The treatment was essentially defining a new disease state and required a complex operating model involving physician and patient education, patient baseline testing, self-administration, cold-chain logistics, and treatment monitoring. The model also required bundling the treatment with additional services, data, and education to ensure the benefits and improve patient outcomes.
In addition, this was our client’s first product launch. They wanted to demonstrate an ability to execute as a commercial company and earn a reputation as a good partner with patients, physicians, and payers.
Converge conducted a launch readiness assessment to provide visibility to what preparations were still needed. It revealed areas that required further process definition. The company also identified internal knowledge/experience gaps, in areas including commercial launch management, patient services development, and systems implementation. Senior leadership engaged Converge to develop commercial scale business processes, commercial systems architecture, and the “last mile strategies” for moving the drug product to the administration site.
Patient-Focused Business Process Design
Converge began by establishing a centralized commercial launch team. This group identified departmental ownership for key tasks and developed the integrated project plan for launch preparation. Together, we defined and mapped each customer-facing business process along with the product and information flows from warehouse to patient.
For example, there was a small risk that patients could undergo numerous treatment rounds successfully and then potentially experience a sudden life-threatening adverse event. As a result, we designed the business processes to alert decision-makers of unusual results. The process required baseline testing prior to the initial treatment and then regular patient monitoring throughout the treatment experience. It was vital to provide high levels of information visibility. So, while data was collected at the individual patient level, it was then integrated upstream into several relevant information systems, where the results were linked with patient records available to both the physician and our client’s Patient Services team, so decisions could be made whether to continue or pause treatment and to schedule delivery of the next round of the drug.

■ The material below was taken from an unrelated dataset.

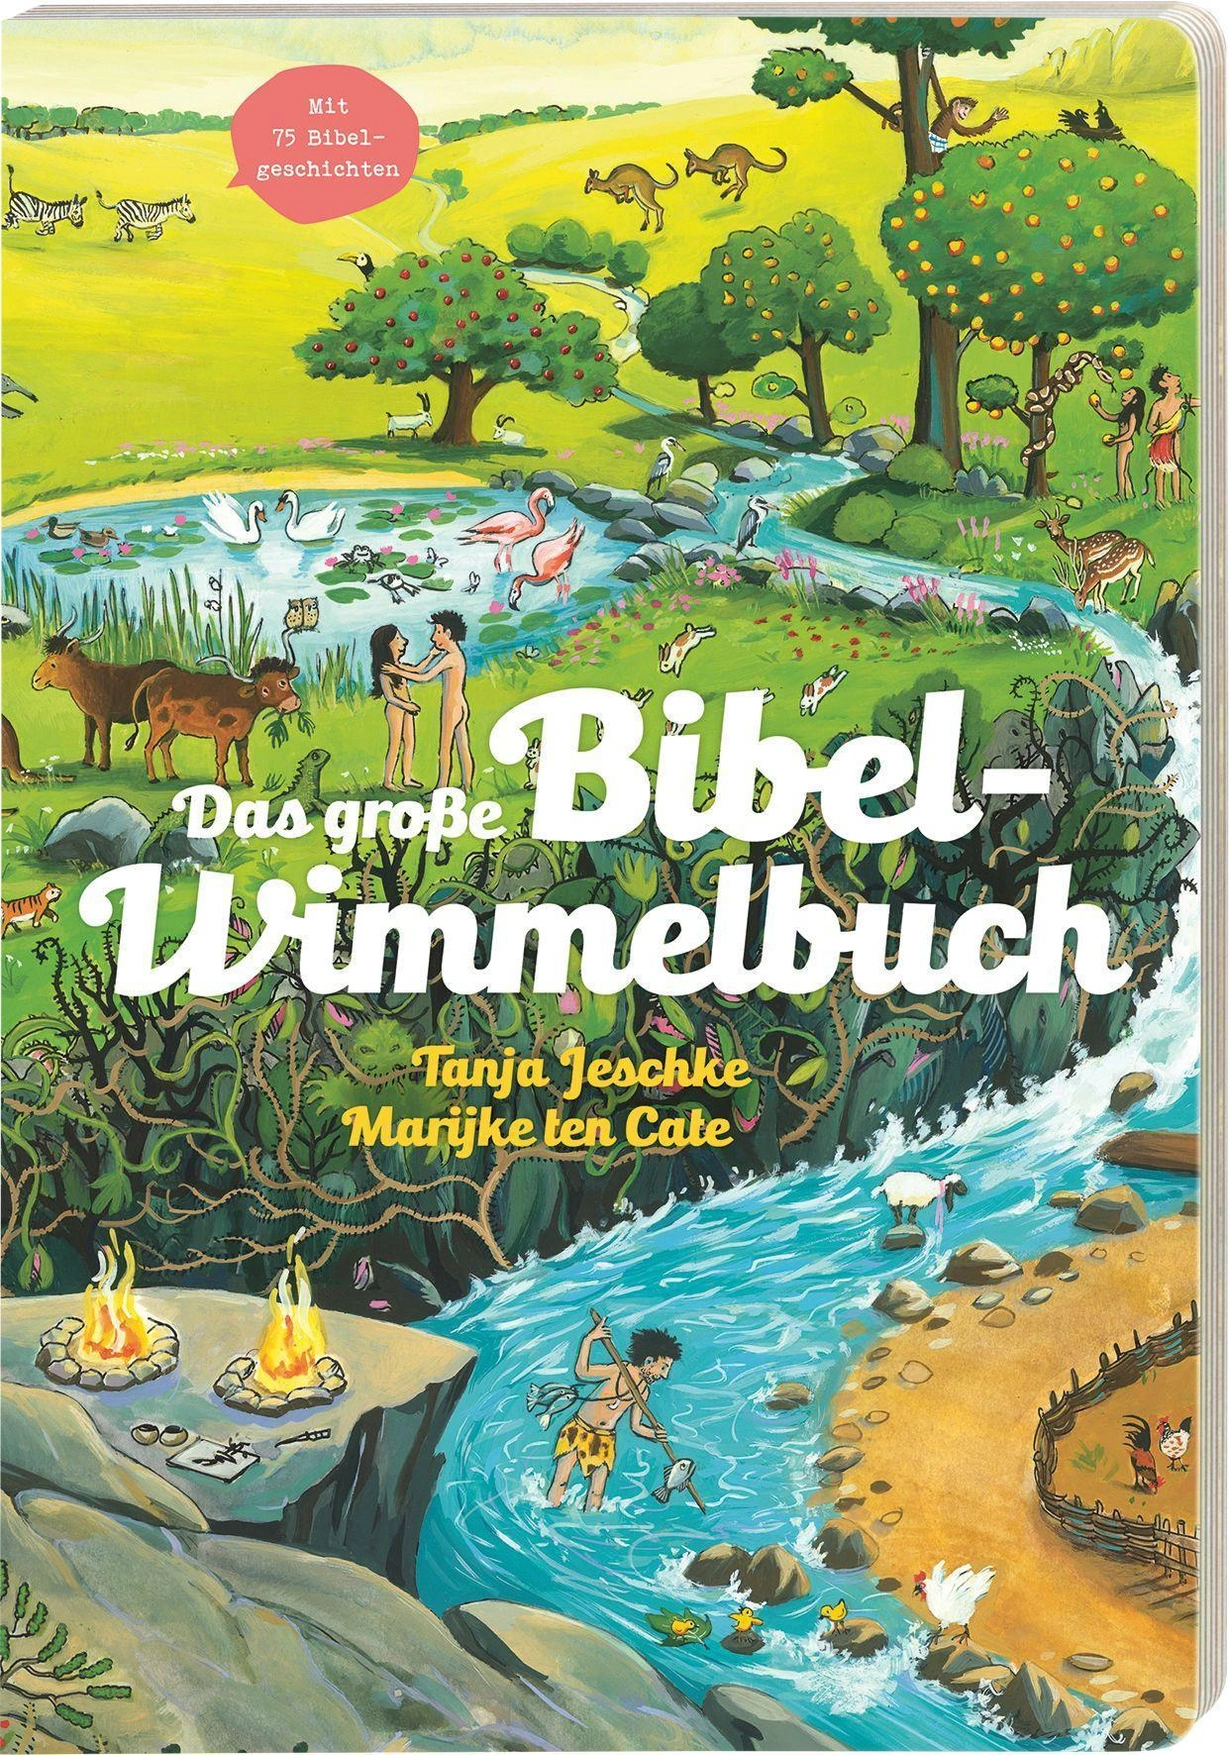 Das grosse Bibel-Wimmelbuch

Developing & Implementing Commercial Systems Architecture
Process design collaboration transitioned into establishing a common understanding of the commercial systems required to execute the patient model. After launch, these systems would support the physician and patient communities, along with the supply chain, manufacturing, and distribution networks.

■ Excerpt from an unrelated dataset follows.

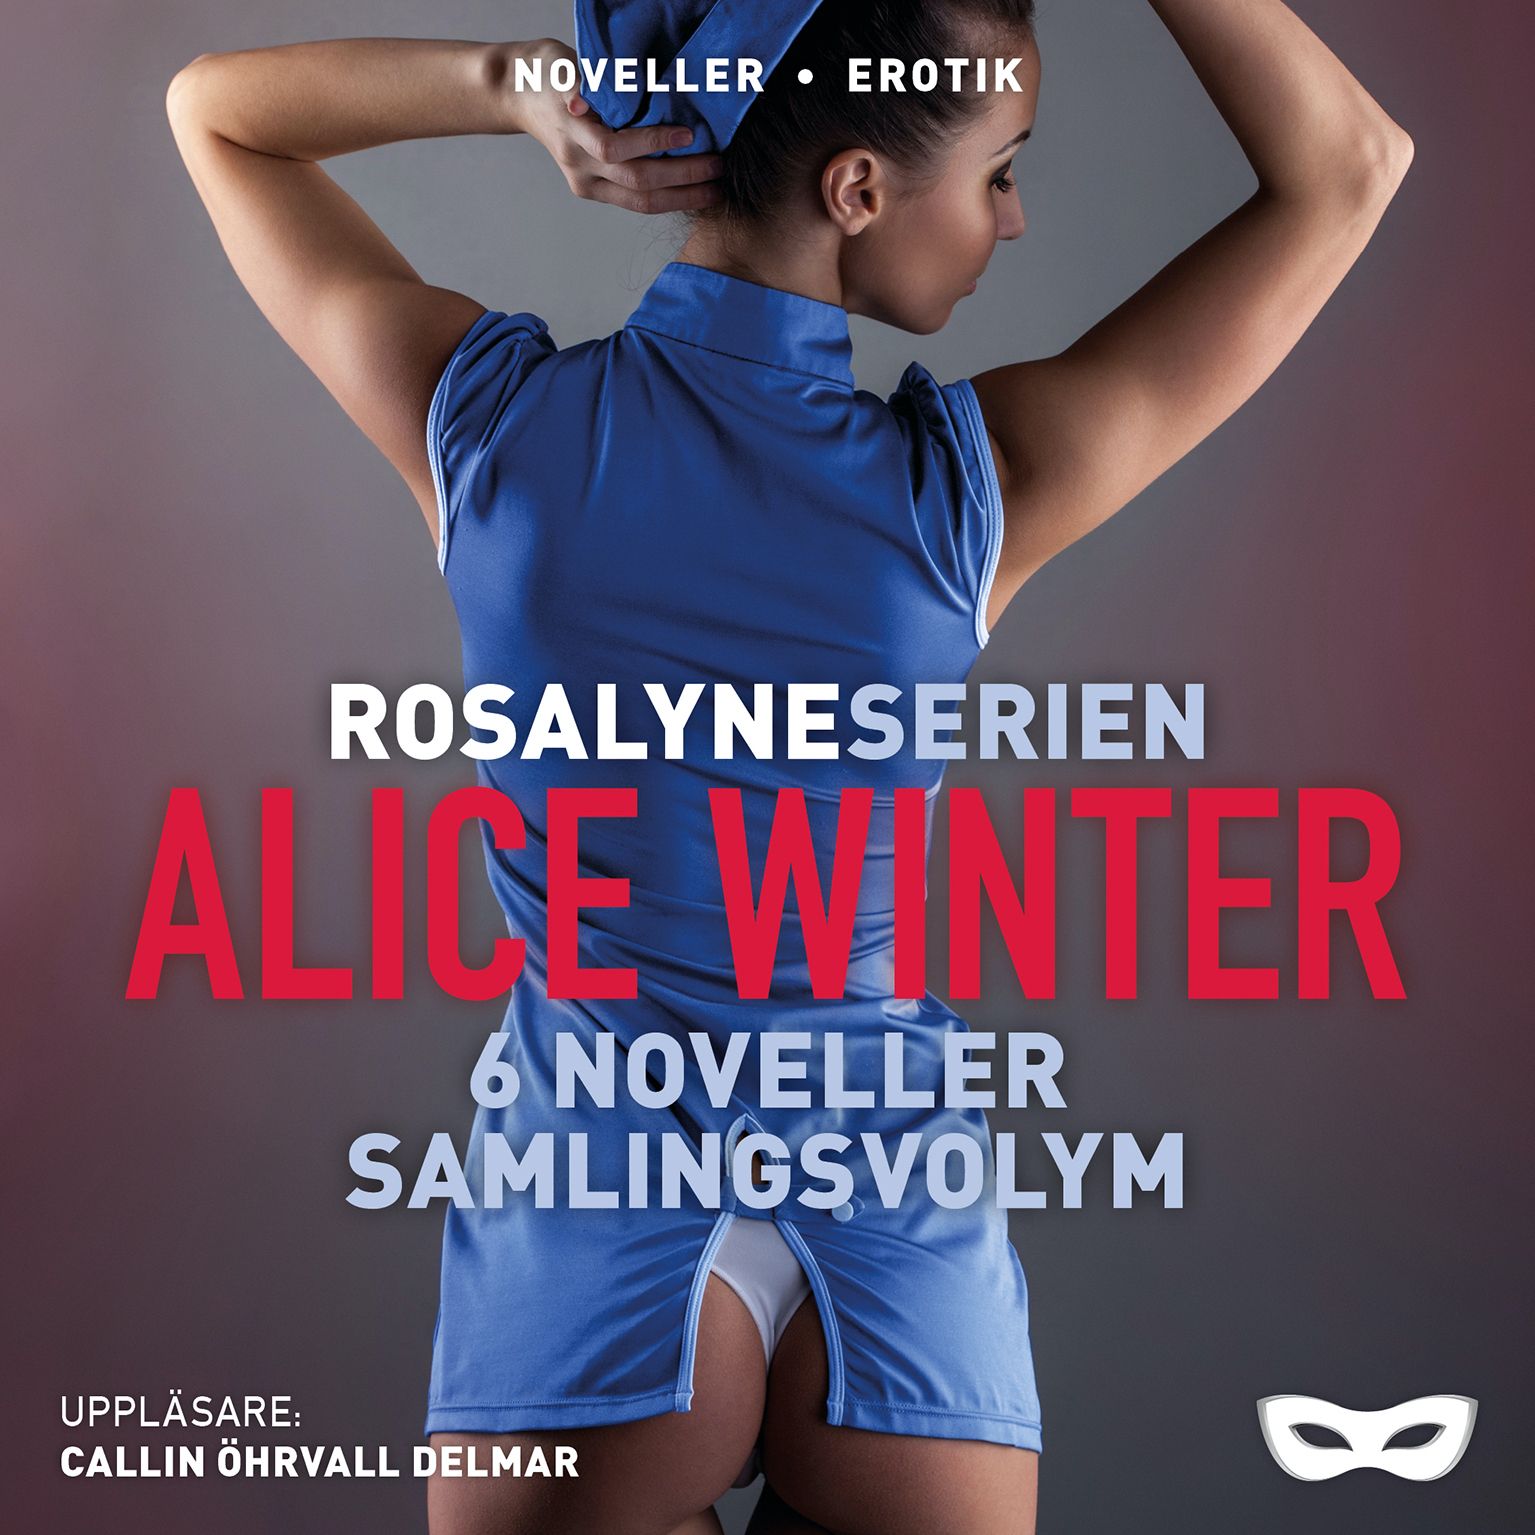 Rosalyneserien, audiobook by Alice Winter

When development shifted to implementation, the Converge team stood up each system, including:
- A Customer Relationship Management (CRM) platform to support physician interaction. It provided criteria for disease recognition, information about available therapies, and how to qualify patients for treatment.
- The Patient Services platform for patient onboarding and ongoing monitoring of patient conditions. It housed records of patient and physician intent, test completion, education and training completion, and proof of funding source/reimbursement.
- A Risk Evaluation & Mitigation Strategies (REMS) program with three distinct audiences that was managed by one external vendor. REMS are typically only needed for physicians. However, the level of risk involved in this treatment warranted training and certifying the patients and pharmacies as well.
- Distribution and logistics systems that communicated with each other as needed to handle supply chain management and execution. These systems registered orders from the hospital, relayed information to the 3PL, and coordinated delivery to patients.
Defining Last Mile Strategies
“Last mile strategies” are the critical processes and solutions that move products from their final distribution point to the site of administration. Typically, the administration site is a pharmacy or hospital. However, for our client’s treatment, the last mile involved direct-to-patient home delivery.
This high-touch patient and physician services model raised many questions that typical supply chain launch planning does not confront. We worked with the company to ensure that their processes and systems addressed:
- Designing the packaging for easy and safe use by the patient independently,
- Delivering the drug as a single unit, and
- Maintaining the right temperature during shipping and delivery.
What Happened Next?
With the commercial systems, supply chain, and last mile strategies in place, Converge led a cross-functional mock launch. Each part of our client’s organization tested the processes, systems, and handoffs between the internal and external partner ecosystem.
We “experienced” the process of onboarding a patient and walking through the entire course of treatment with no issues. Then we introduced issues and prepared contingency scenarios. For example, the team worked out how patients and physicians would be notified if lab numbers were outside acceptable limits.
The exercise was completed with enough time to remediate issues before they ever affected real patients.
This client’s treatment has since launched in Europe, and they are fully prepared for U.S. launch. Upon reexamination almost a year later, over 95% of the processes we developed were still utilized and even further enhanced.
In addition, the company replicated this approach for their second product. They were ready well in advance of receiving approval and have since launched successfully in Europe and the U.S.